Suppose I launch the latest ElonDog app chain, the app chain validator nodes are secured by EDoggo coins which I of course fully control myself. I generate lots of hype with 1000k% APY in EDoggo coins, which pulls in millions in renAsset liquidity. After which, because I control more than 2/3 of the app chain nodes, I can drain all renAsset liquidity on the app chain.

Anything I’m missing that would actually prevent me from doing this? Do you think creation of app chains should be permissioned through DNO governance, or it is completely permissionless and each app chain has to work on their own reputation and credibility?

Of course I could do something similar right now on Ethereum by launching a nefarious smart contract with admin controls, but in the app chain model you are actually using the consensus rules to steal the funds as opposed to using (legit but nefarious) smart contract code.
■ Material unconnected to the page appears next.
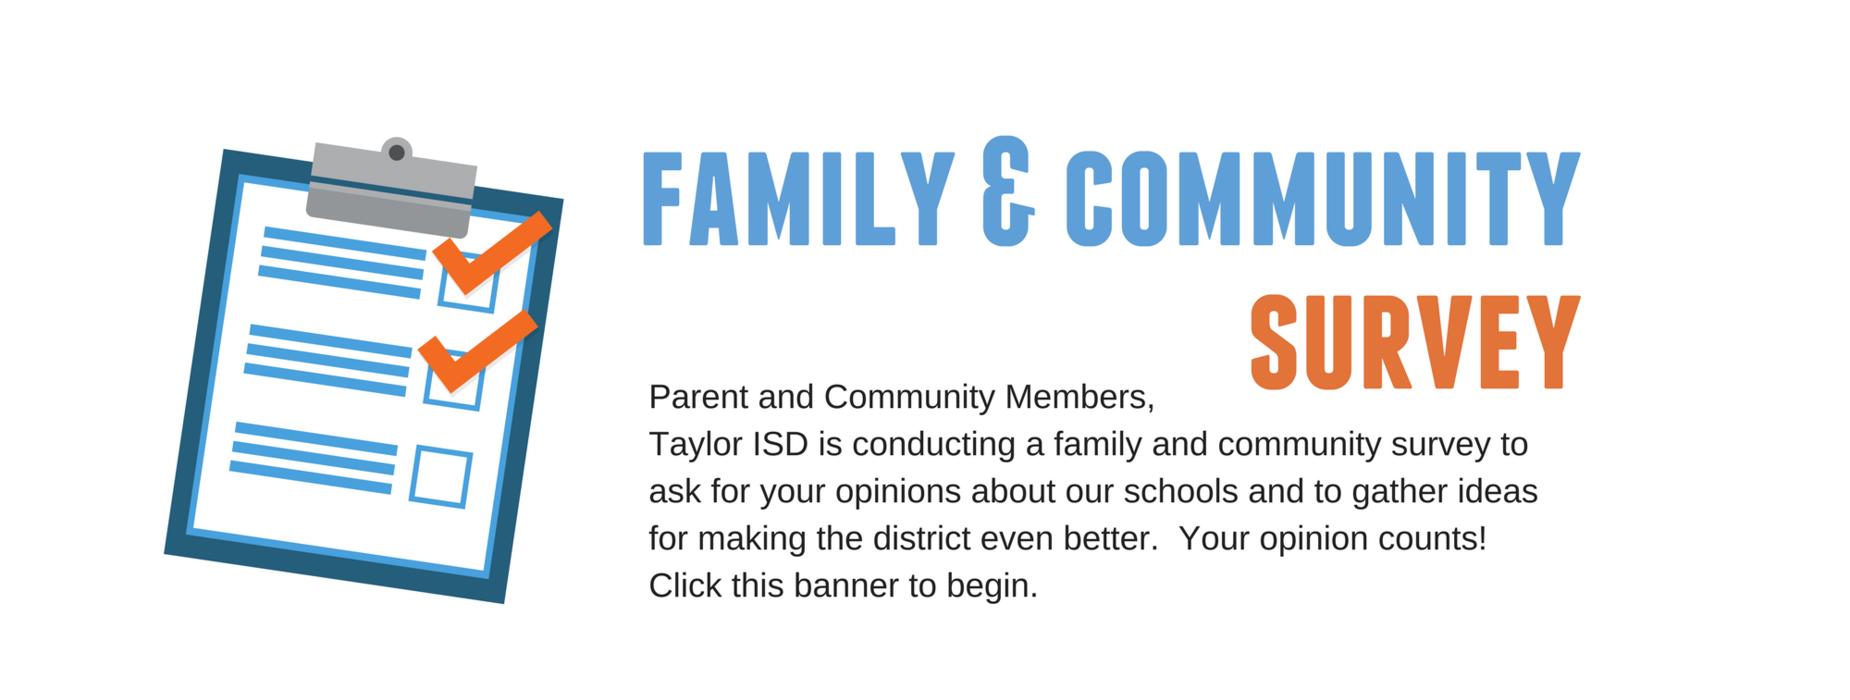 Family and Community Survey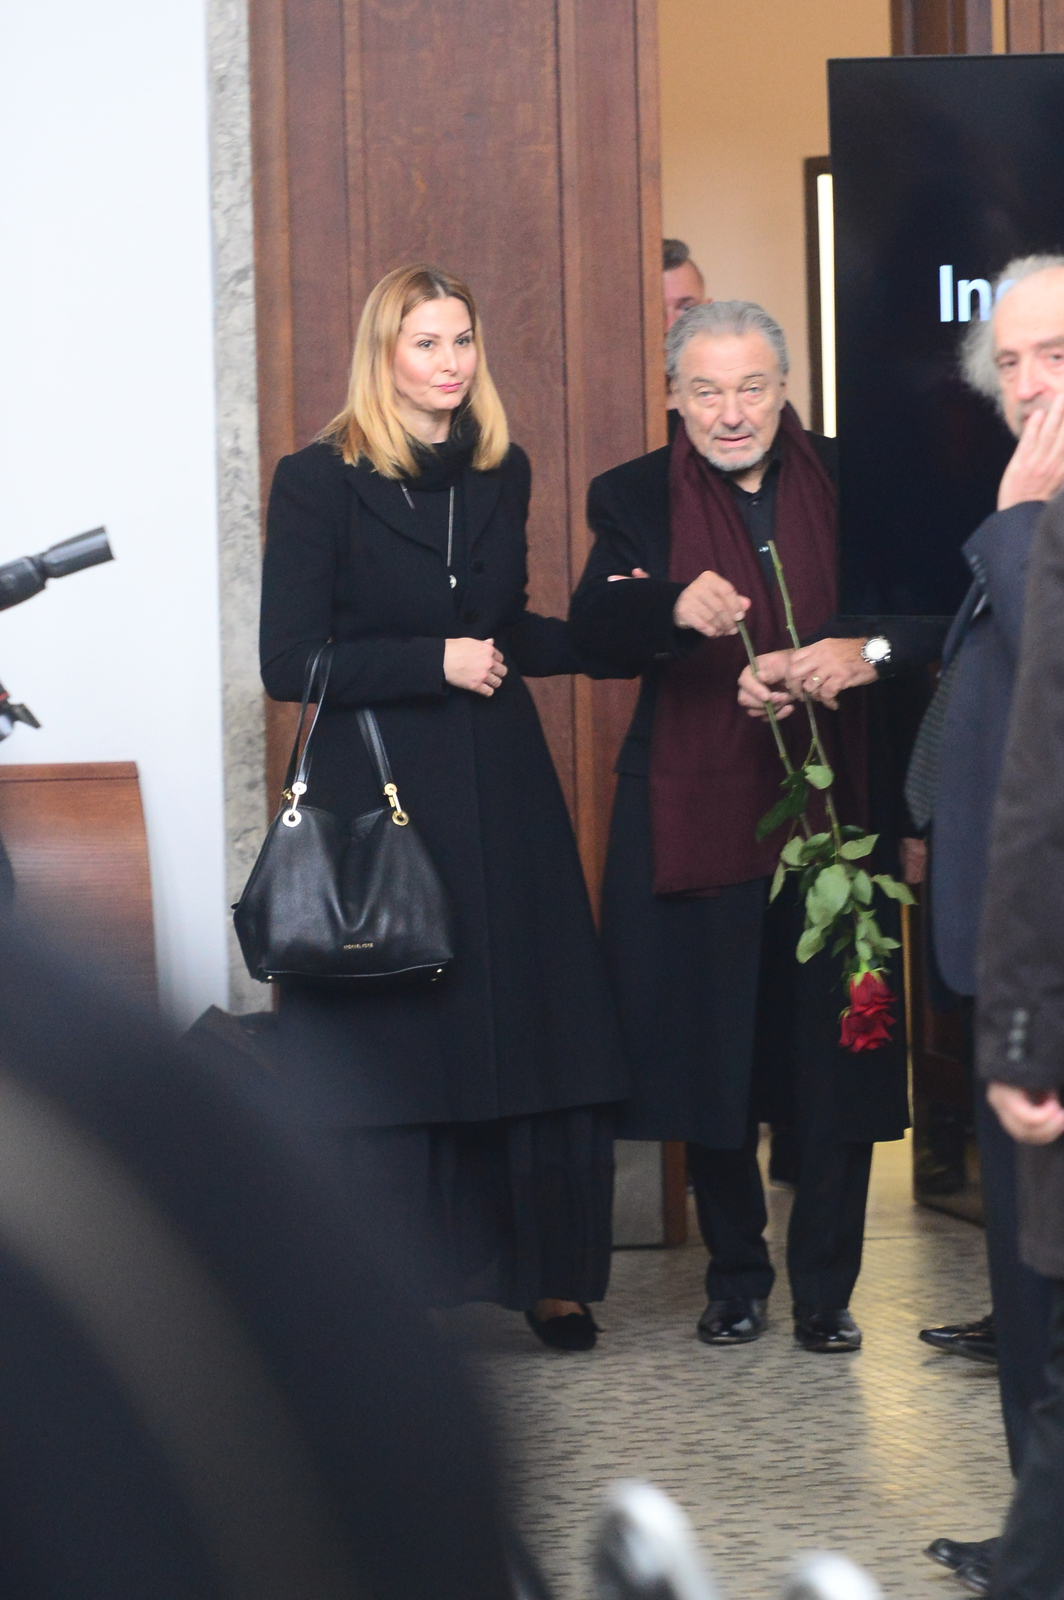 Karel Gott s Ivanou na pohřbu kamaráda Karla Štědrého

Thanks for the gigabrain submission, Chico. Ngl- most of that went over my head, but the value prop is spelled out clearly, and I can’t wait to observe the discussion abt it in the community. Thanks again for this :slight_smile:

5 Likes

Actually, a 2/3 safety threshold means that an attacker could neither produce nor forge an MPC signature to steal funds without corrupting 2/3 of the entire app chain. Today, RenVM’s safety threshold is 1/3. So, not only would this increase safety, but it would allow blockchains to produce their own MPC signatures with the same safety and liveness thresholds as Tendermint itself! The key is that even if an attacker were able to corrupt 1/3 of the chain and reveal its private key, they would not be able to get the gateway shard to produce a cosignature to move any funds.

A few points to make in your ElonDog example. First, the safety threshold of ElonDog would be no less than what is considered standard in PoS, even though unlike all PoS chains, it would be able to produce its own MPC signatures. So, users would need to understand the risks. Second, any compromises would be isolated to ElonDog. If any funds were stolen, no other app chains would be affected. Third, this means that ElonDog can only increase Ren’s economic security. It still generates volume and fees that accrue to REN without affecting the safety of any other app chains.

1 Like

Interesting proposal, seems well thought out. I would love to see some input from the devs and Loong as well as from some of the current applications built on REN. What soes VarenX and ZeroDAO think about this? As a general point I would like to see Varen and ZeroDAO consulted or active in REN governance as I think their perspectives can be very informative in addition to that of darknode holders.